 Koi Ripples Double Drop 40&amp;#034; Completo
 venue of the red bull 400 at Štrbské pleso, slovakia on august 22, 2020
* * *
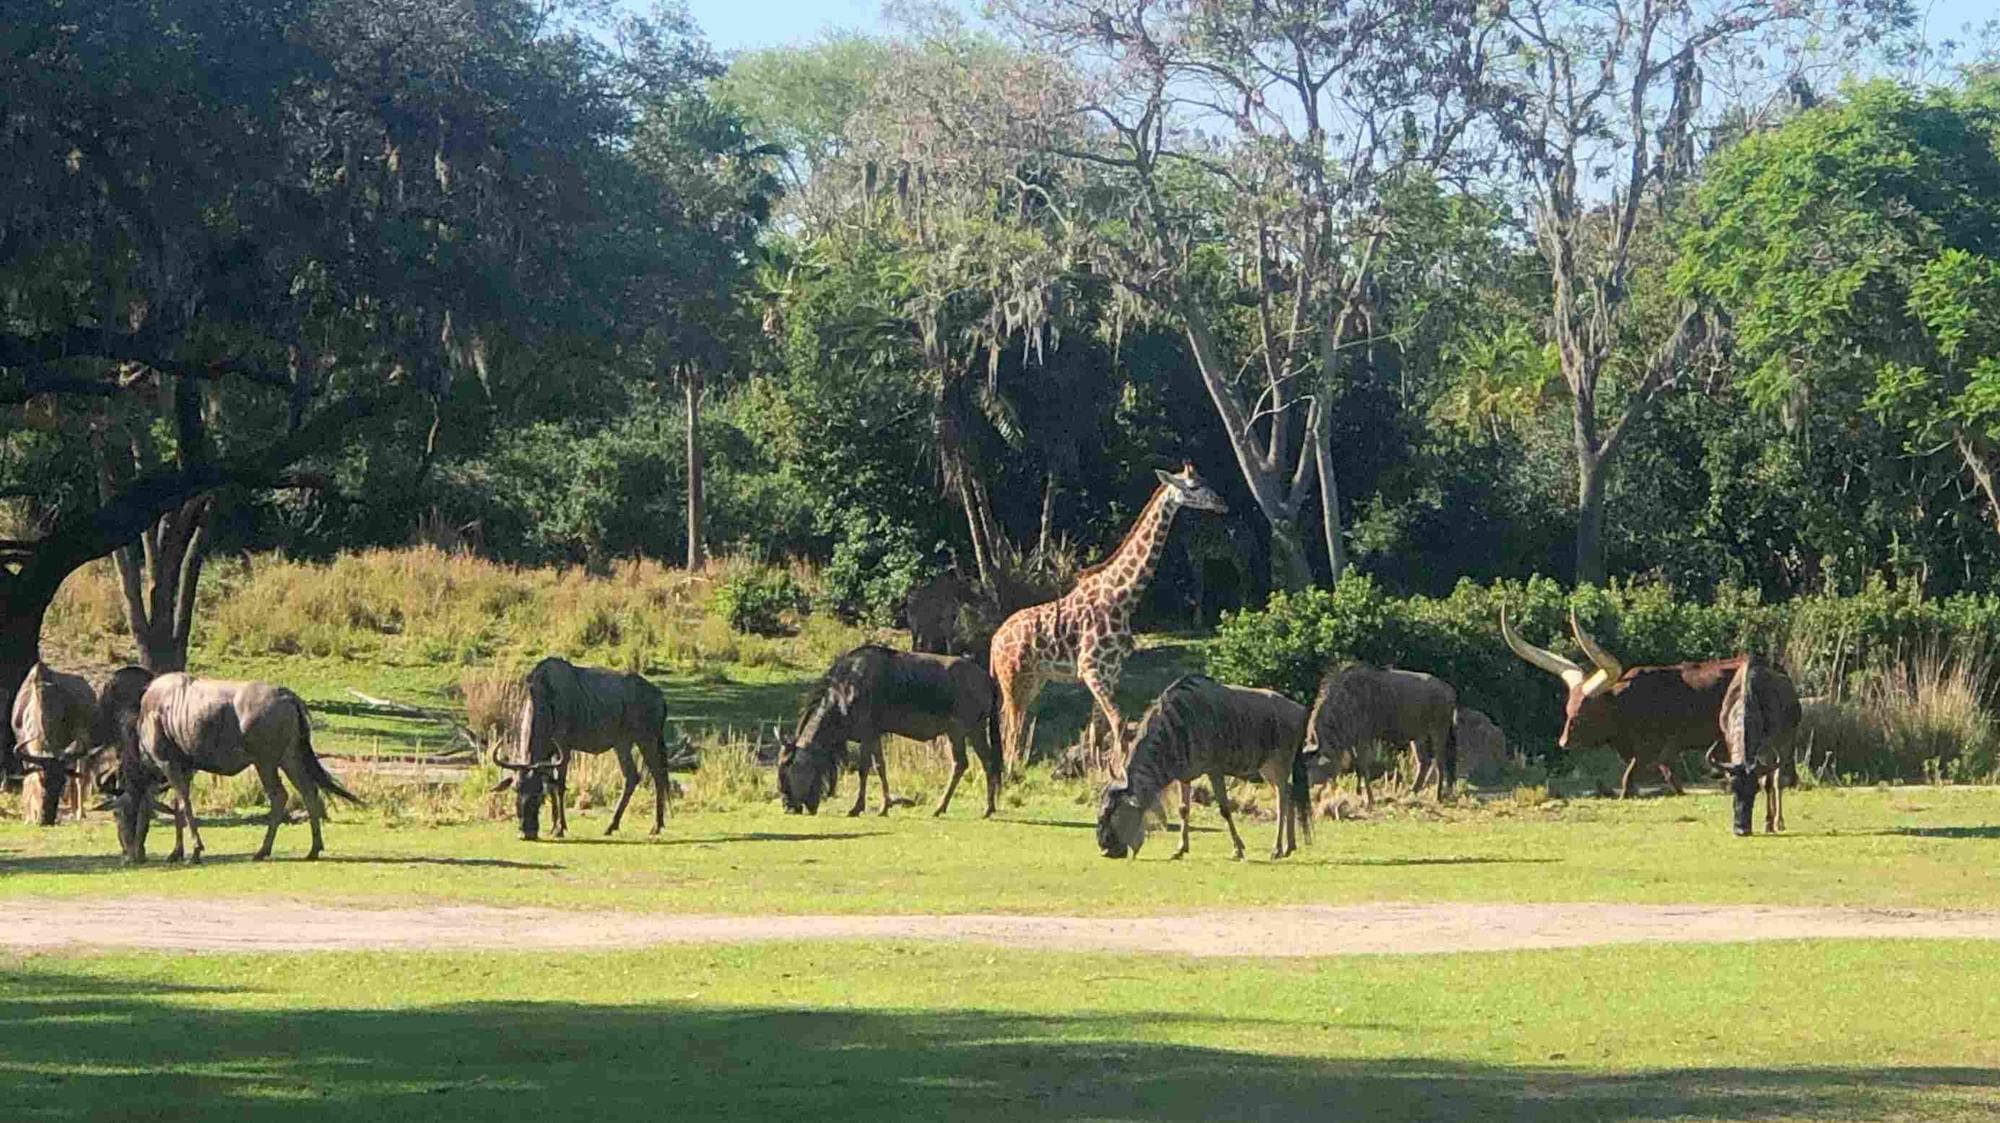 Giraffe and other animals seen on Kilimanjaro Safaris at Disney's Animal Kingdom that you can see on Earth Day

PROBLEM DETAILS - From the material above, retype precisely the lines between the line holding "Koi Ripples Double" and the line holding "venue of the", inclusive, and nothing beyond them.

TASK ANSWER -
 Koi Ripples Double Drop 40&amp;#034; Completo
 venue of the red bull 400 at Štrbské pleso, slovakia on august 22, 2020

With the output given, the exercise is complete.